NEW YORK — The market euphoria that first greeted news of the landmark America Online/Time Warner merger plan diminished Tuesday as a wave of mixed messages emanated from Wall Street.
After soaring by nearly 40% Monday when the deal was announced, Time Warner shares backed down, easing 6.6% to close at $86.12. Credit Suisse First Boston cut its investment rating on the company to “hold” from “buy” due to Monday’s run-up, even as PaineWebber boosted its price target on the company to $170 from $90.
As for AOL, the stock continued to lose ground, dropping 11.4% to close at $64.37. Schroder & Co. downgraded AOL to “outperform” from “significant outperform” and lowered its year-end price target to $85.
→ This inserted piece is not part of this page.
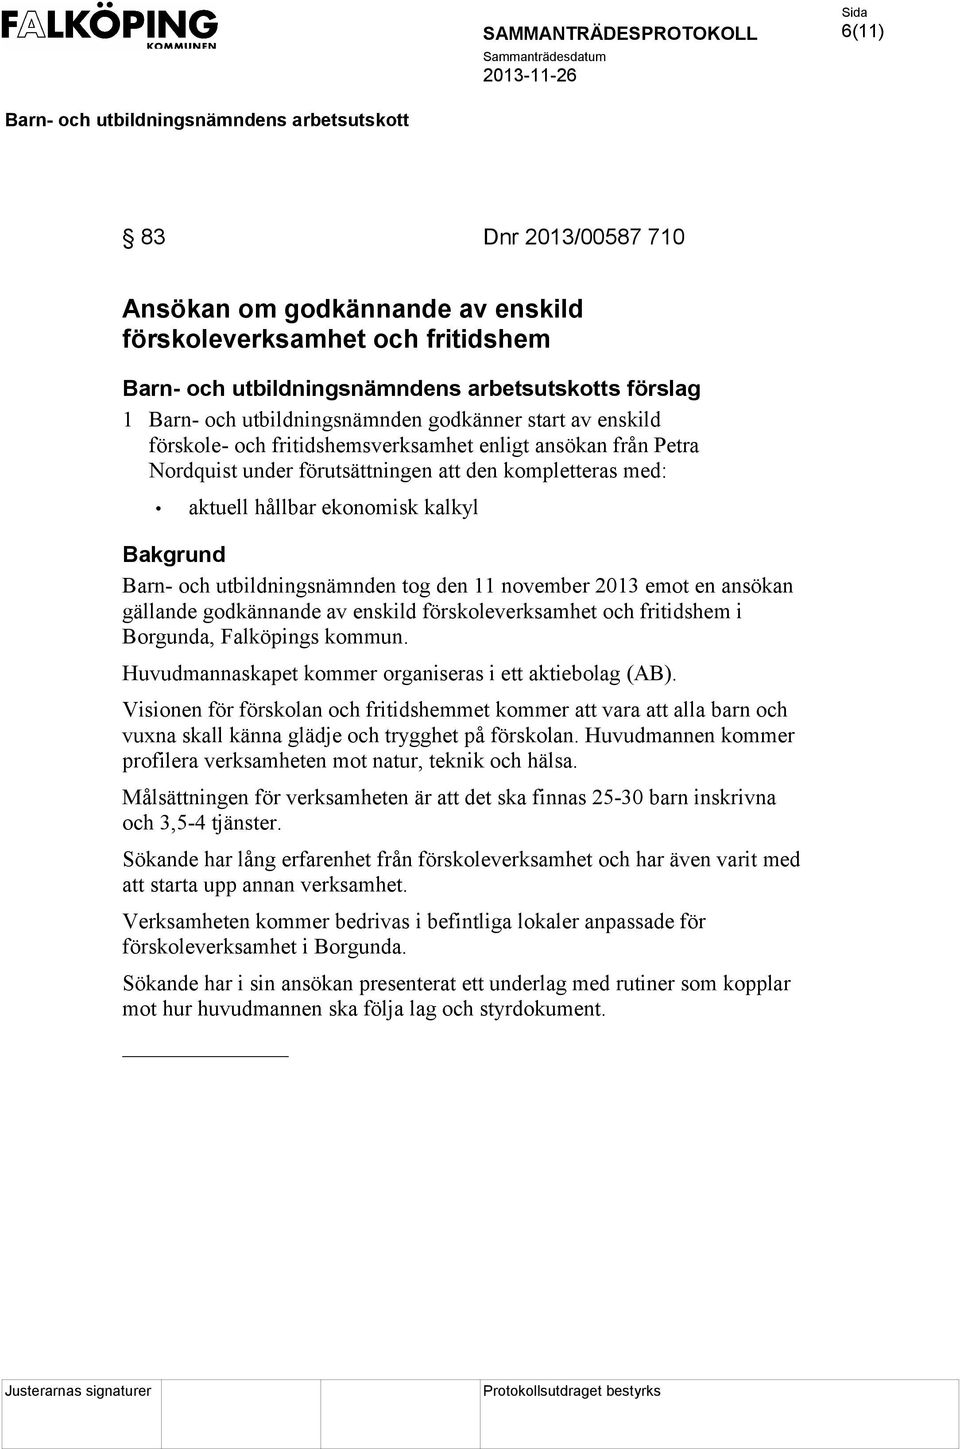 godkännande av enskild förskoleverksamhet och fritidshem i Borgunda, Falköpings kommun. Huvudmannaskapet kommer organiseras i ett aktiebolag (AB).

“Despite our enthusiasm for the transaction … the company is clearly a far different AOL and, therefore, AOL’s prior valuation metrics do not seem appropriate,” the firm told its clients.
Biz stox tumble
Having all jumped Monday in anticipation of more deals to come, entertainment stocks like News Corp., Viacom and Disney, as well as cable stocks including Comcast, Cox and Cablevision, were also mostly lower — despite continued speculation that the floodgates have opened and more deals involving content players and Internet groups are likely.
The issue isn’t the strategic benefits of the merger for AOL or for Time Warner — those are clear. The question is one of valuation, Wall Streeters said. Internet stocks tend to be valued very highly for the most part based on future earnings. Traditional media stocks, on the other hand, are valued for current performance. “Clearly, investors will increasingly have to struggle with metrics for traditional media/Internet hybrids,” Schroder said.
Uneven road ahead
Until then, stocks could have a bumpy ride. Time Warner is likely to regain some ground, since the merger values the conglom at more than $100 a share. AOL could stay under some pressure, especially since it hit investors on Tuesday with the news that the company is going to issue lots of new shares to pay for its acquisition.
AOL and Time Warner’s $160 billion deal will create a media/Internet giant valued at some $350 billion. AOL will own 55% of the combined company, to be called AOL Time Warner. Time Warner shareholders will retain 45%.